Recently, however, some lawmakers have put forward the idea that abolishing the ethics committees won’t be so easy: doing so, they argue, would require an amendment to the state constitution. This line of reasoning began when, in November of last year, the dean of the USC School of Law, Rob Wilcox, contended to a House GOP study panel on ethics reform that Article 3, Section 12 of the constitution puts the committees’ power in the hands of the legislative chambers and therefore can’t be devolved to an outside agency without a change to the constitution.

Specifically, Article 3, Section 12 states that “each house shall choose its own officers, determine its rules of procedure, [and] punish its members for disorderly conduct.”

Note that the constitution does not create the ethics committees. Those are established by statute. It’s hard to see why committees created by statute could only be abolished by constitutional amendment.

The trouble with Prof. Wilcox’s argument is that it conflates legislative rules, which apply only to members of the General Assembly as members of the General Assembly, and state ethics laws, which apply to all state public officials. Or to put it another way: Ethics laws are part of the law code, whereas Article 3, Section 12 has to do with non-codified “rules of procedure.” The constitution simply does not prevent the General Assembly from assigning to, or sharing with, another entity the duty to enforce ethics laws.

(Incidentally, Prof. John Simpkins of the Charleston School of Law recently pointed out at the governor’s Ethics Reform Study Commission, that Article 3, Section 12 has preponderantly to do with the General Assembly’s power to stop disorderly conduct – and thus not with members’ violations of ethics laws. Click here, and fast forward to 23:30.)

Granted, the General Assembly would have to change the constitution if members wished to give an outside agency power to amend their internal rules of procedure. But clearly that’s not the intention here.

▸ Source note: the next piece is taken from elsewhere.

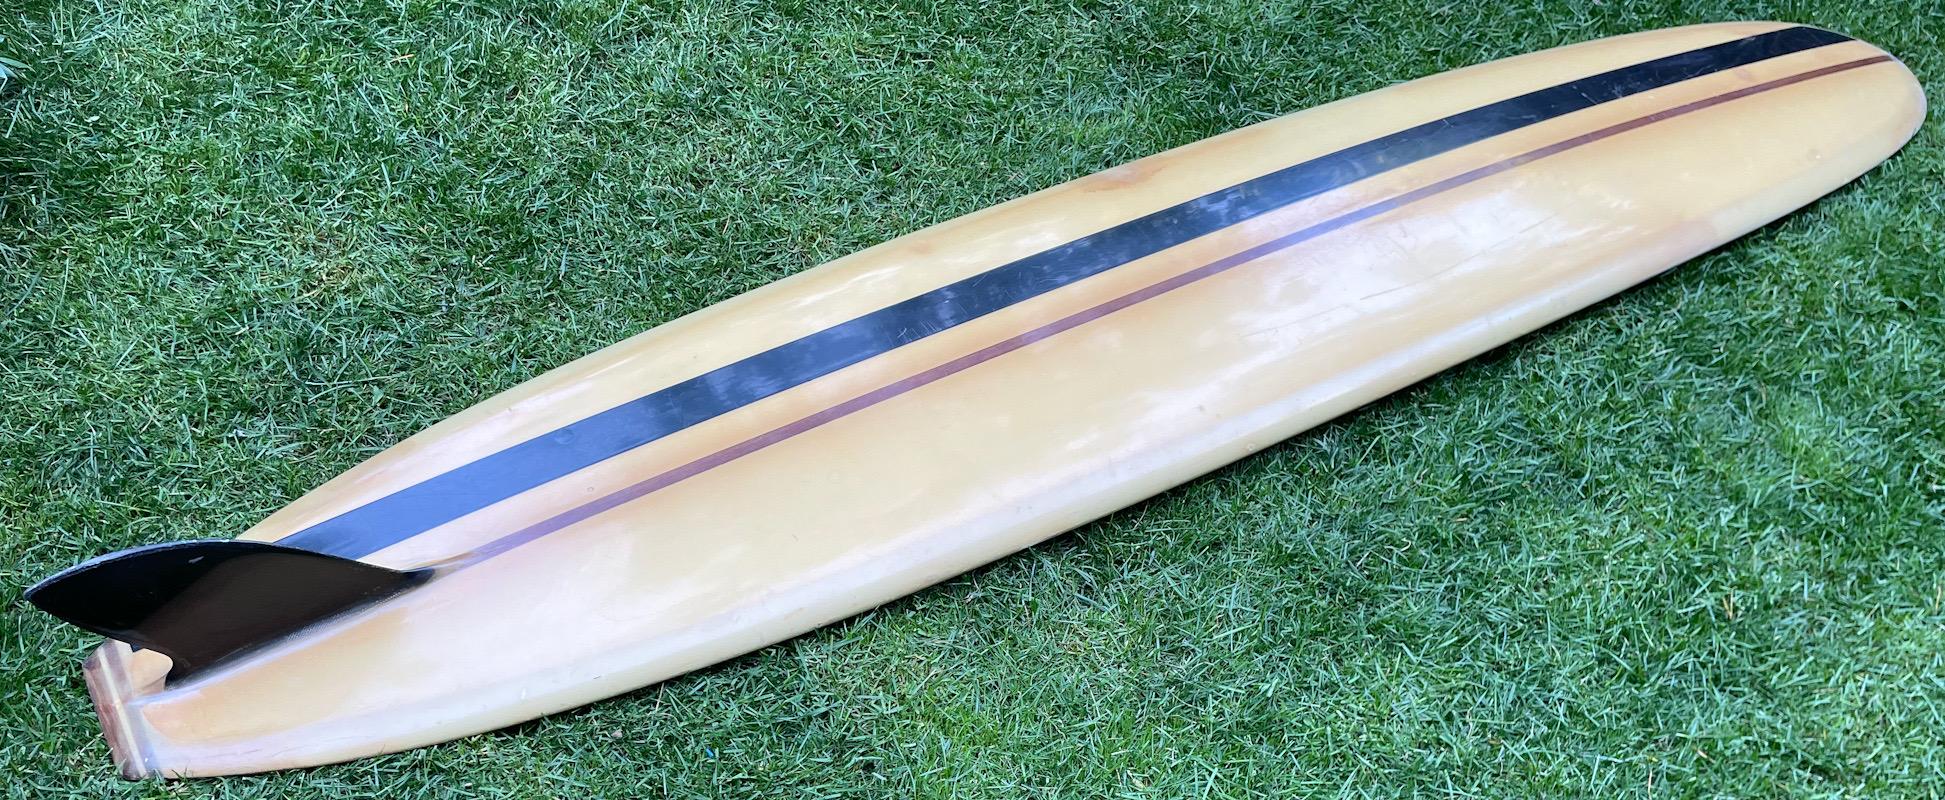 greg noll surfboard for sale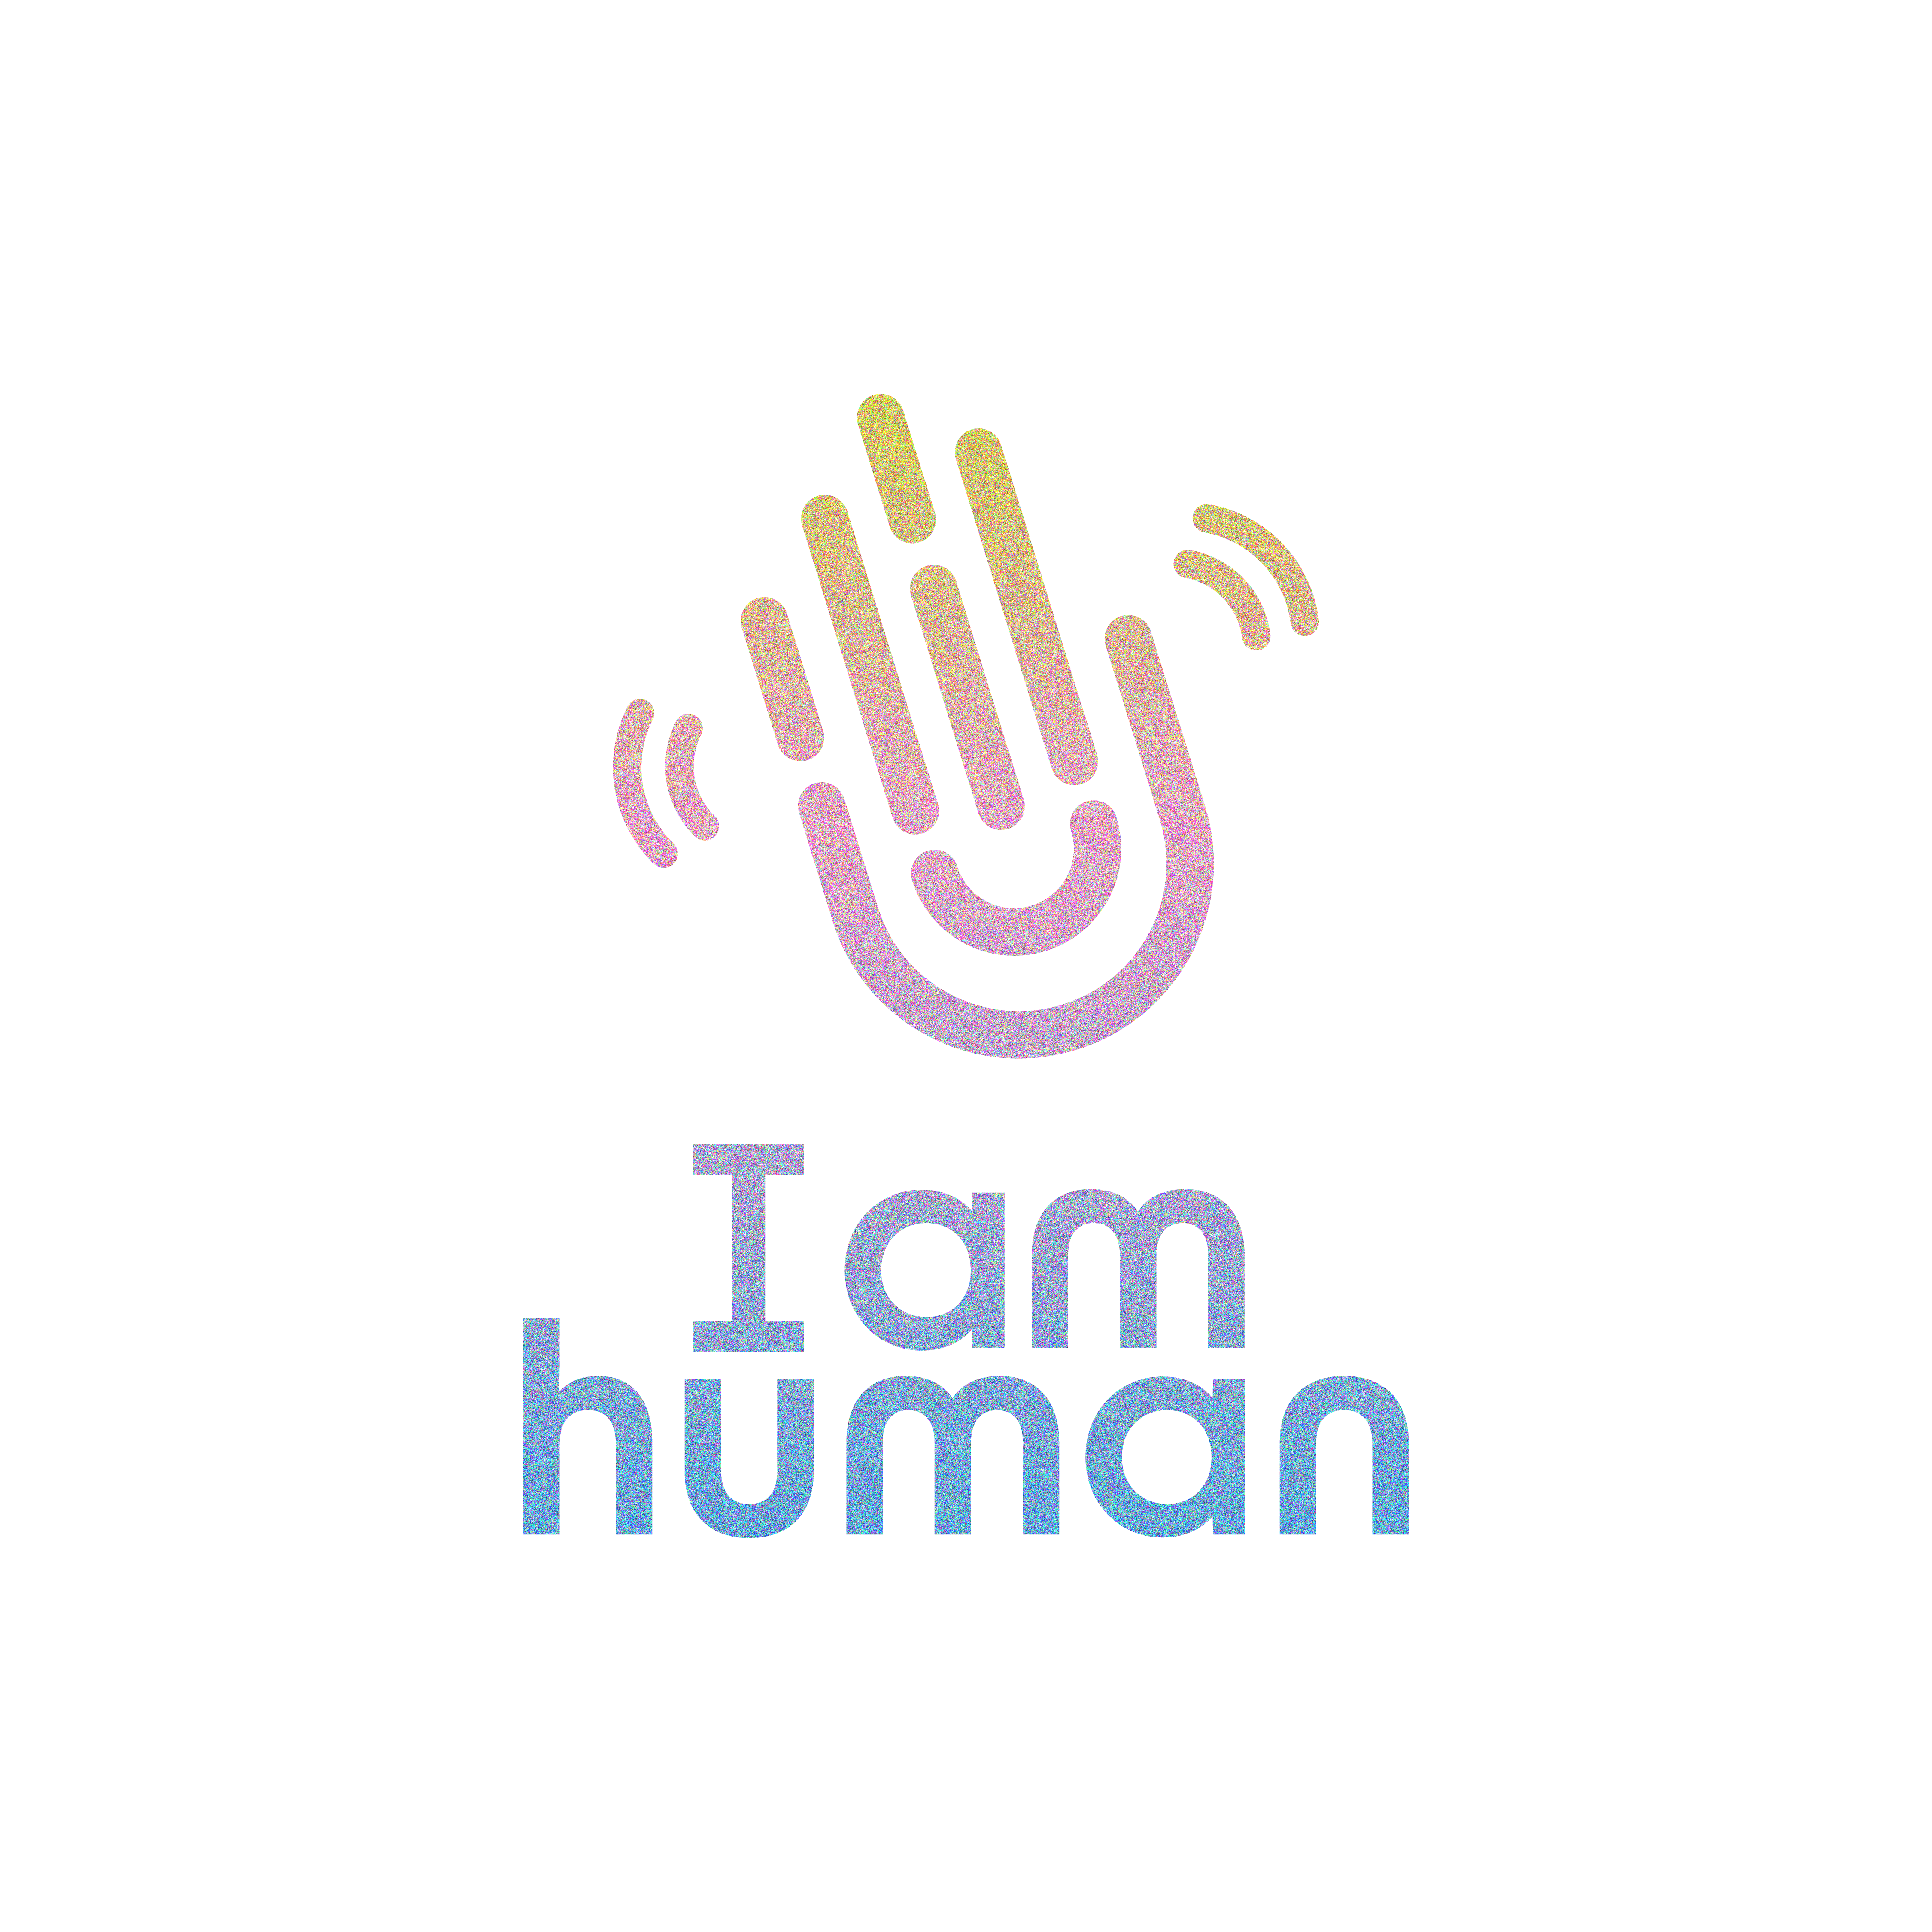 I-AM-HUMAN logo

The underlying principle here is plain: Lawmakers shouldn’t have the power to punish the ethics violations of their colleagues, friends, and allies. Other public officials, from the governor down, face an independent agency, and so should members of the General Assembly. Making that a reality does not require a constitutional amendment. It requires only that the General Assembly admit the obvious, and relinquish an improper power.